Task requirements: Reproduce exactly the lines below from the one containing "DH - M06 highway" through the one containing "20 Inspiring Paul", including both, and nothing else.

Source records:
· · ·

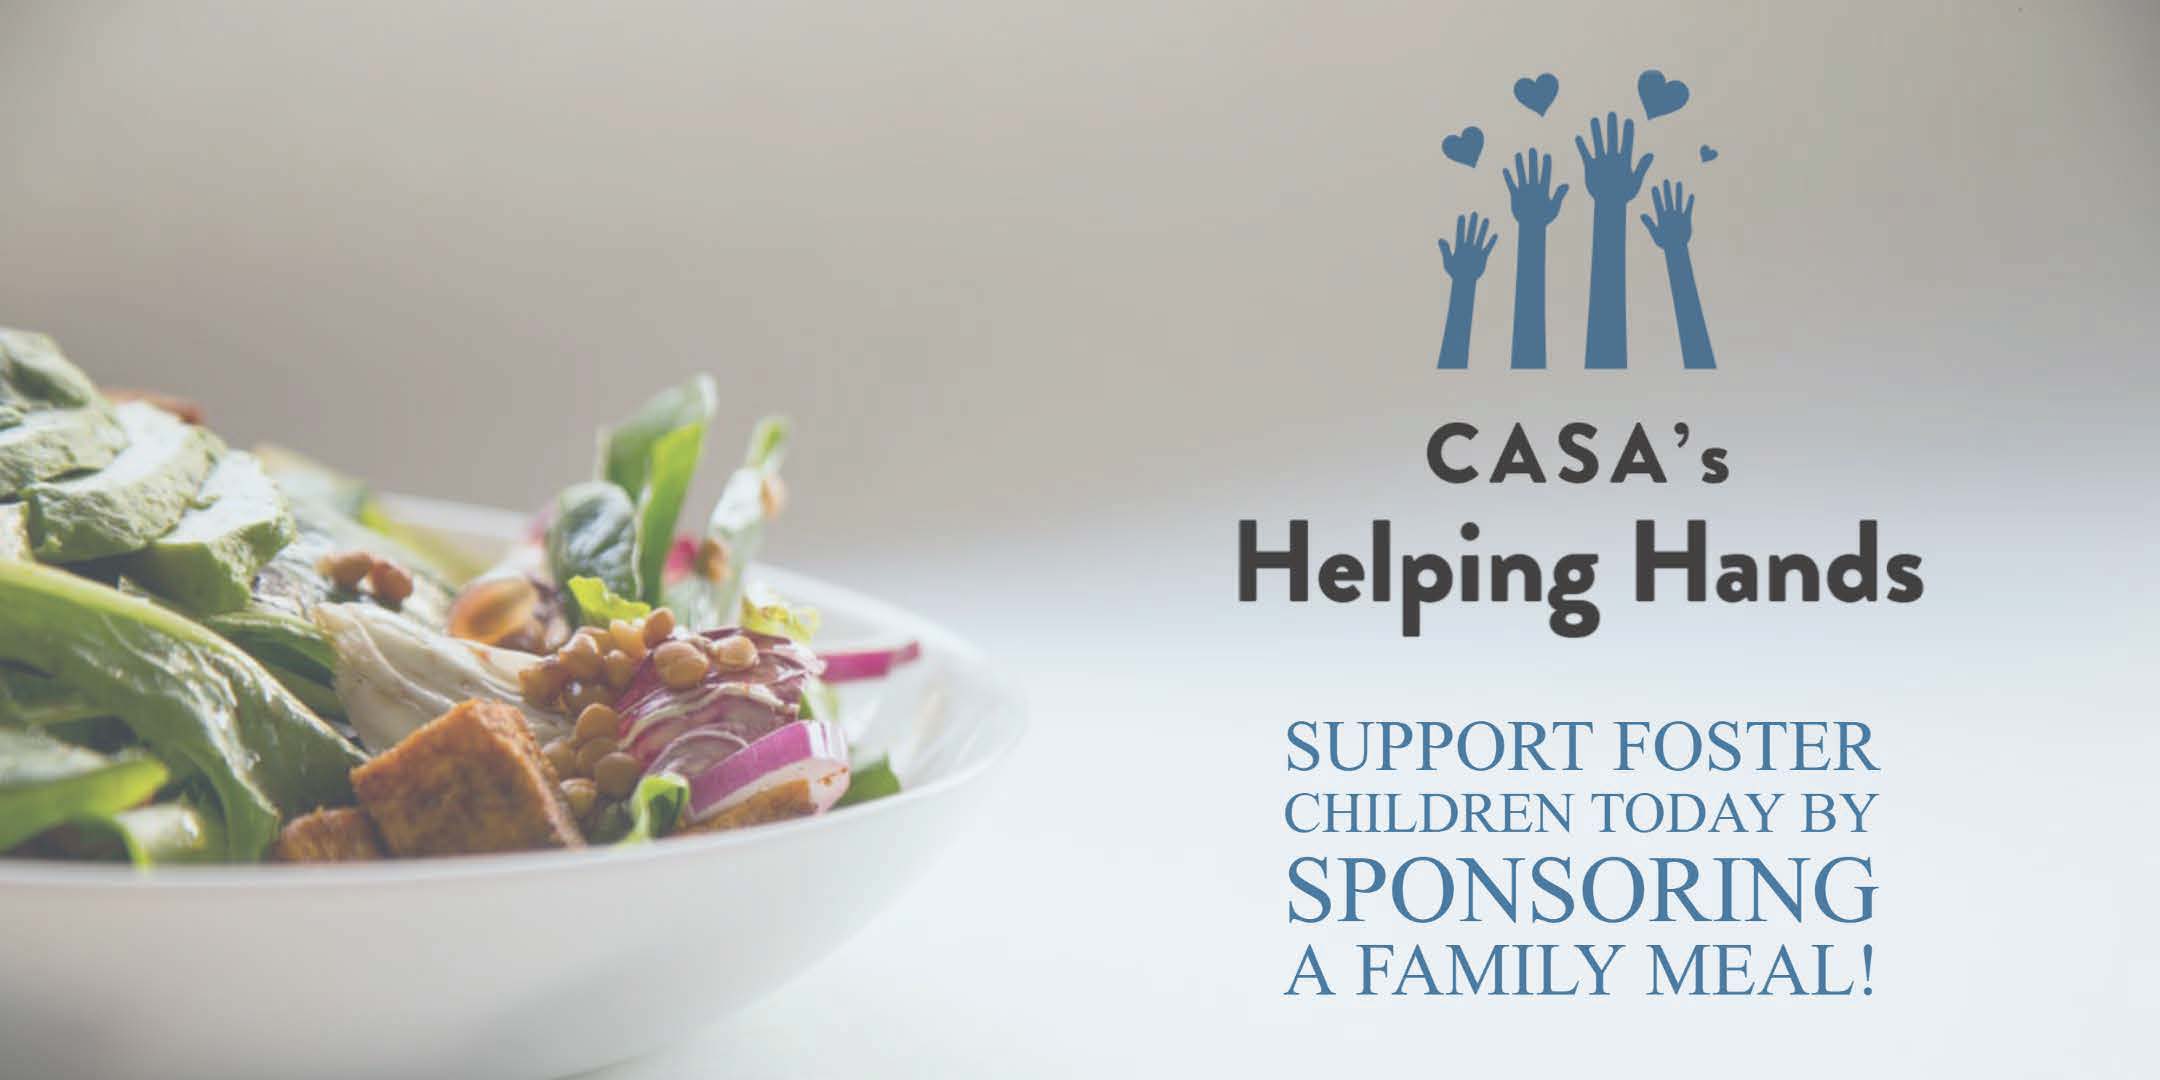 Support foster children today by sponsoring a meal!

· · ·

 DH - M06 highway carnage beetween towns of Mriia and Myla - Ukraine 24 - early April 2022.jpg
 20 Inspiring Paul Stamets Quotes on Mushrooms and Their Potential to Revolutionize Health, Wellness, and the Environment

· · ·

Solution:
 DH - M06 highway carnage beetween towns of Mriia and Myla - Ukraine 24 - early April 2022.jpg
 20 Inspiring Paul Stamets Quotes on Mushrooms and Their Potential to Revolutionize Health, Wellness, and the Environment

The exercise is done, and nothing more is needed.